Justification of Red List category
This species has an extremely large range, and hence does not approach the thresholds for Vulnerable under the range size criterion (Extent of Occurrence <20,000 km2 combined with a declining or fluctuating range size, habitat extent/quality, or population size and a small number of locations or severe fragmentation). The population trend appears to be stable, and hence the species does not approach the thresholds for Vulnerable under the population trend criterion (>30% decline over ten years or three generations). The population size is extremely large, and hence does not approach the thresholds for Vulnerable under the population size criterion (<10,000 mature individuals with a continuing decline estimated to be >10% in ten years or three generations, or with a specified population structure). For these reasons the species is evaluated as Least Concern.
Population justification
The European population is estimated at 111,000-230,000 pairs, which equates to 222,000-460,000 mature individuals (BirdLife International 2015). Europe forms approximately 5% of the global range so a very preliminary estimate of the global population is 4,400,000-9,200,000 mature individuals, although further validation of this estimate is needed. The population is therefore placed in the band 4,000,000-9,999,999 mature individuals.
Trend justification
This species has had stable population trends over the last 40 years in North America (data from Breeding Bird Survey and/or Christmas Bird Count: Butcher and Niven 2007). Note, however, that these surveys cover less than 50% of the species's range in North America. The European population trend is estimated to be fluctuating (BirdLife International 2015).

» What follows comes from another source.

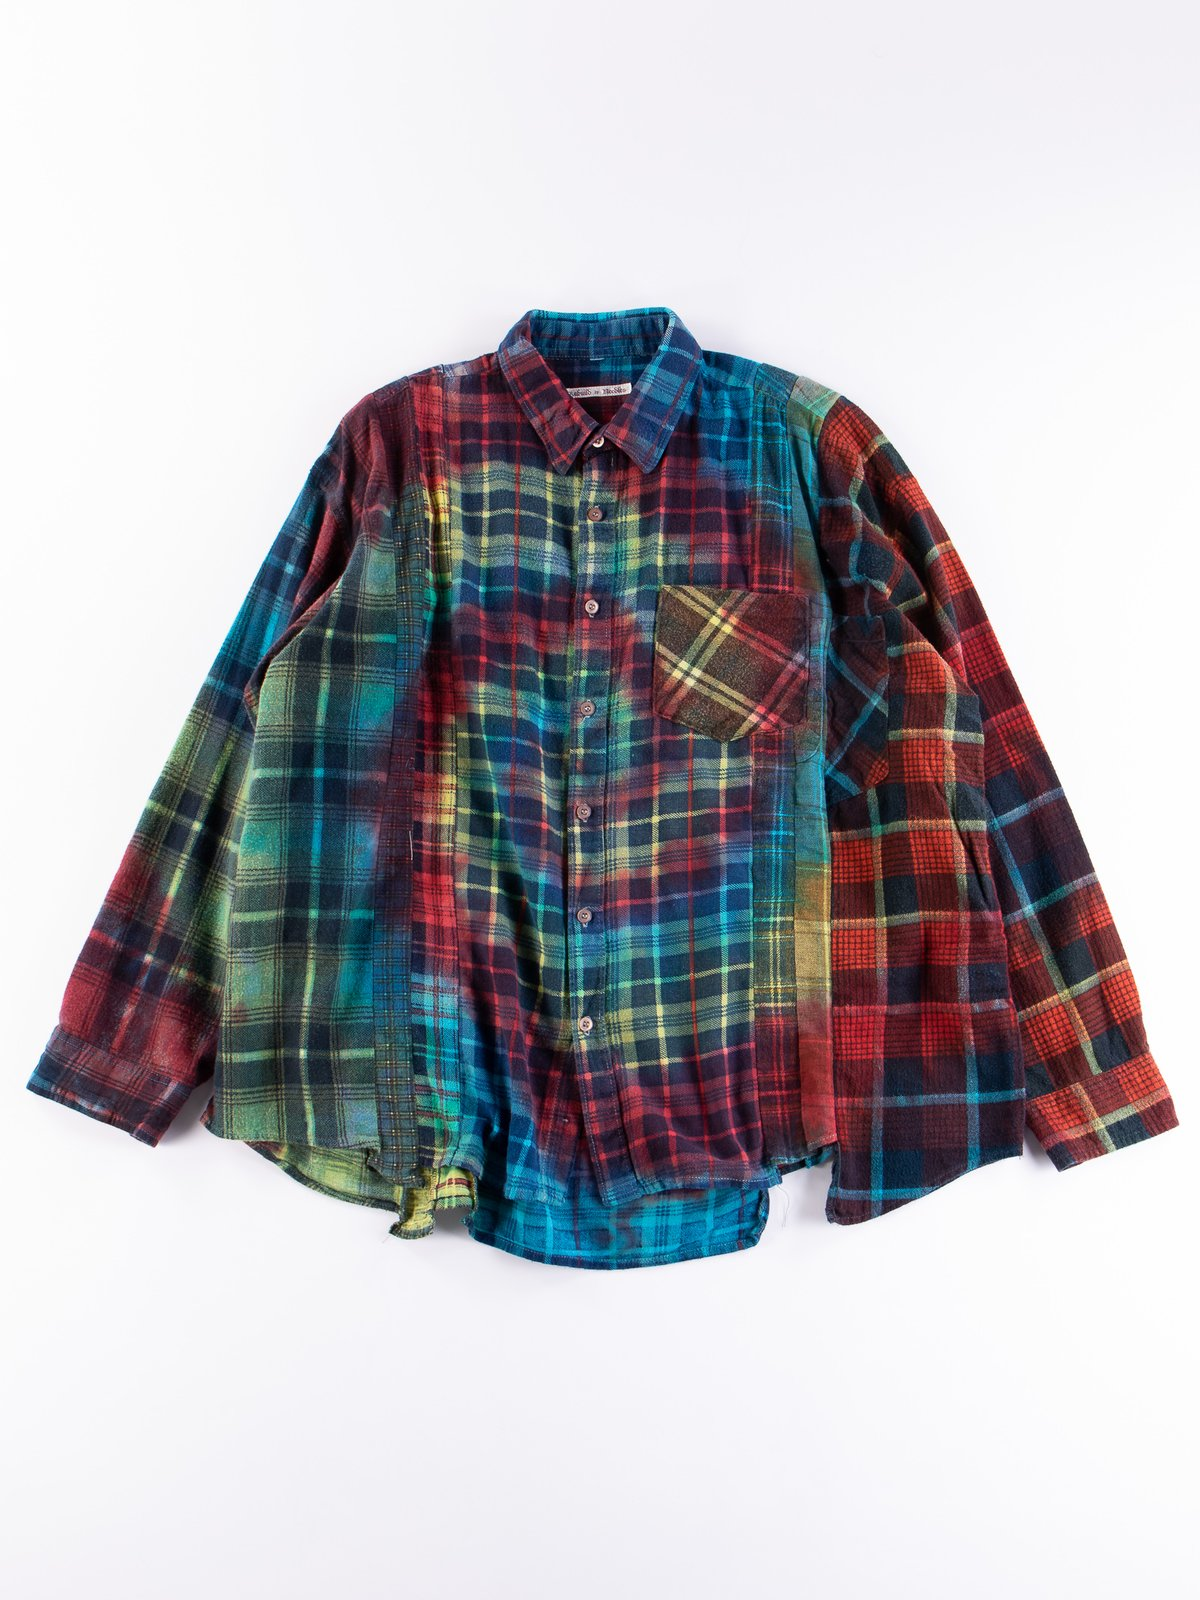 Tie Dye Assorted 7 Cuts Rebuild Shirt - Image 5

This species is found in a great variety of habitats. It mainly occurs in open but not treeless, lowlands, with some trees, including farmland with hedges, ditches, ponds and banks, roadside verges and related rougher terrain, and young conifer plantations, it is also around towns, suburbs, villages or more isolated buildings suitable for daytime roosts and nest-sites and sometimes near refuse dumps. In lower latitudes it is also found in semi-arid and some arid regions with xerophytic vegetation, dwarf shrub and herb communities, deciduous or mixed eucalypt woodland, Acacia savanna, thornbush, heathland, open marshes, mudflats, oil palm (Elaeis guineensis) plantations, irrigation areas, rice paddies and cane fields, and cliffs and rocky coasts in some regions, notably on continental offshore islands. Some island races are found in forest and on small tropical islands the species is found in all available habitats (Bruce et al. 2014). The species is mostly sedentary, with post-breeding dispersal of juveniles (Bruce et al. 2014).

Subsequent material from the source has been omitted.